Pick the path that matches your agent:

I use... Start here
Claude Code Run claude --plugin-dir . from this repo
Codex and want to try the plugin from this repo Run codex "What OKE skills are available in this plugin?"
Codex and want the skills available in other workspaces Follow Codex Local Skill Install

Claude Code

claude --plugin-dir .

Then try:

/oke-agent-plugin:oke-troubleshooter "pods stuck Pending in prod namespace"

Codex

From inside the cloned repository, run:

codex "What OKE skills are available in this plugin?"

That command is a quick sanity check: Codex should read the local plugin context and list the OKE skills in this repo.

Then try a natural-language prompt:

Use OKE Agent Plugin to troubleshoot pods stuck Pending in my OKE cluster.

Live cluster workflows need your own OCI CLI session and kubeconfig. Offline smoke tests do not need OCI or Kubernetes access.

Good First Prompts

Start with the outcome you want:

Generate an OKE Terraform stack fast path for us-ashburn-1 with private workers.
Troubleshoot why my OKE LoadBalancer service has no public IP.
Create a GVA-enabled node pool for my current OKE cluster.
Deploy Multus multi-home test pods on my GVA node pool and validate net1.
Check an OKE workload that uses Multus, SR-IOV, hugepages, and DPDK.

The agent will ask follow-up questions when it needs cluster, region, compartment, subnet, node-pool, or workload details.

What You Get

Generate OKE Terraform

/oke-agent-plugin:oke-cluster-generator

The agent walks through a structured OKE design conversation, summarizes the architecture, then generates Terraform and an OCI Resource Manager schema.

Use it when you want:

  • main.tf, variables.tf, outputs.tf, provider.tf, and terraform.tfvars.example
  • schema.yaml for OCI Resource Manager
  • Guided choices for cluster type, networking, node pools, storage, IAM, encryption, observability, GPU, RDMA/RoCE, and validation rules
  • A fast-path mode for a private, production-friendly starter stack with minimal questions

Example prompts:

/oke-agent-plugin:oke-cluster-generator
/oke-agent-plugin:oke-cluster-generator fast-path us-ashburn-1 demo-private-oke
/oke-agent-plugin:oke-cluster-generator ai/ml us-ashburn-1 prod-cluster
/oke-agent-plugin:oke-cluster-generator hpc us-frankfurt-1

Example: successful transcript and sample Terraform output.
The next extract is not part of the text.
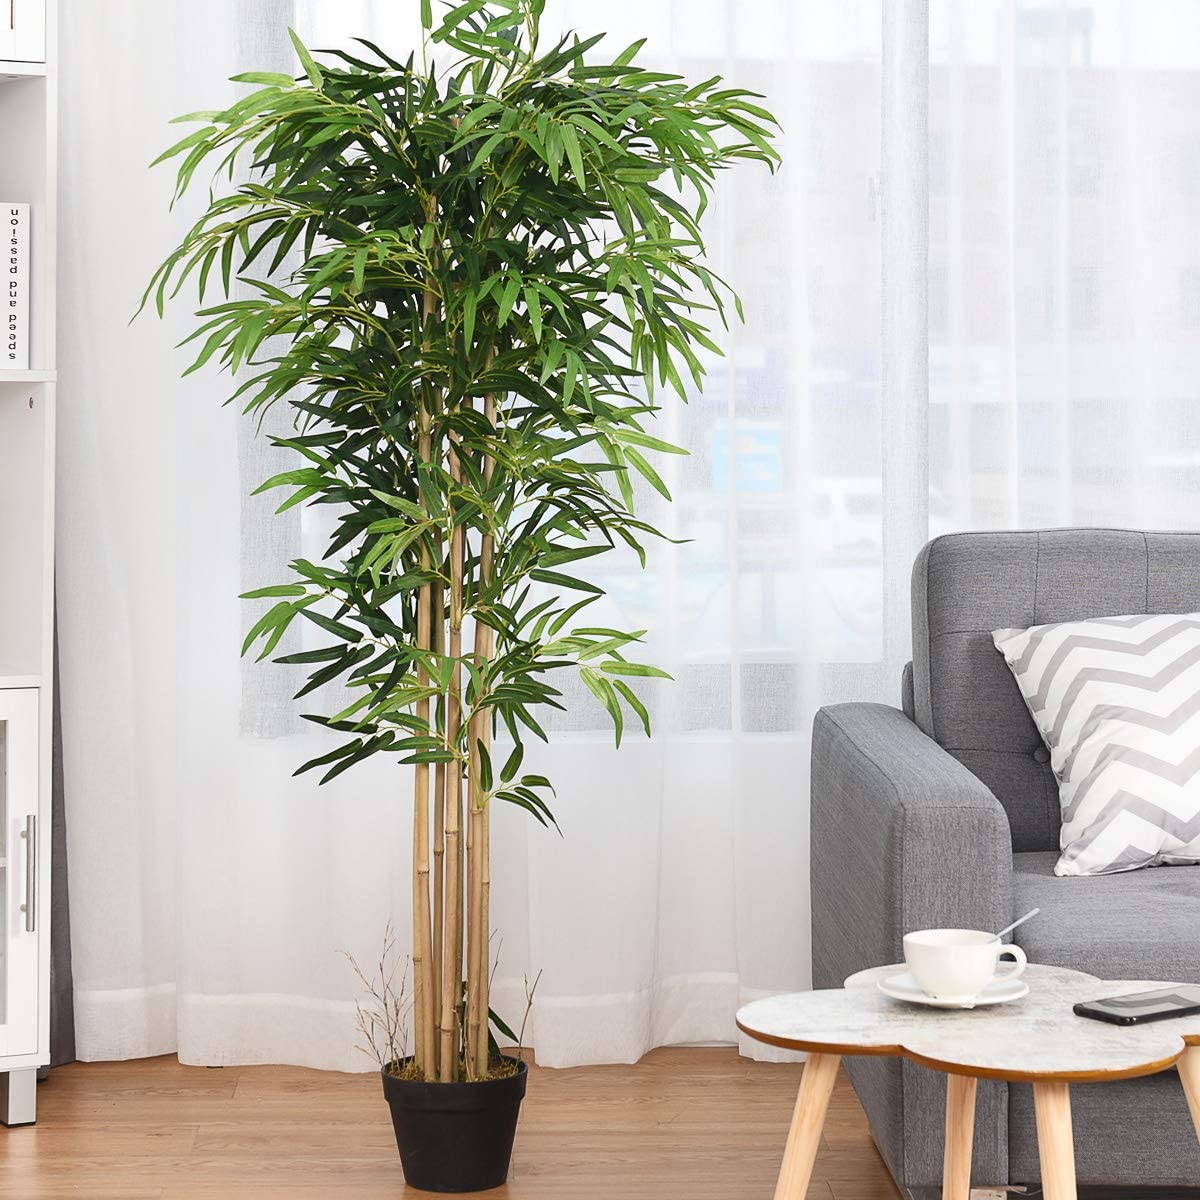 BestComfort Max 42% Outstanding OFF 5 Feet Artificial Bamboo Tree Indoo Decorative Silk

Troubleshoot OKE Incidents

/oke-agent-plugin:oke-troubleshooter

The agent turns a symptom into an evidence plan, collects Kubernetes and OCI signals, ranks likely causes, and gives remediation steps.

It covers:

  • OKE add-ons: CoreDNS, OCI CNI, CSI, metrics, daemonsets, and deployments
  • Pod networking: OCI CNI/IPAM, Multus, NADs, pod sandboxes, and secondary interfaces
  • Load balancers, private endpoints, DNS, OCIR pulls, Workload Identity, and ingress
  • Autoscaler and node-pool scale-up failures
  • Storage, PVCs, CSI logs, and OCI limits
  • OCI object correlation for Pod-to-Node-to-Instance, Service/Ingress-to-LB, PVC-to-volume, VNIC/subnet, and node-pool graph evidence
  • Incident timelines across Kubernetes events, rollouts, object descriptions, and OCI alarms

Example prompts:

/oke-agent-plugin:oke-troubleshooter "pods stuck Pending in prod namespace"
/oke-agent-plugin:oke-troubleshooter "service payments-lb has no IP us-phoenix-1"
/oke-agent-plugin:oke-troubleshooter "OCIR ImagePullBackOff unauthorized"
/oke-agent-plugin:oke-troubleshooter "private OKE API endpoint unreachable"

Example: successful transcript and sample troubleshooting report.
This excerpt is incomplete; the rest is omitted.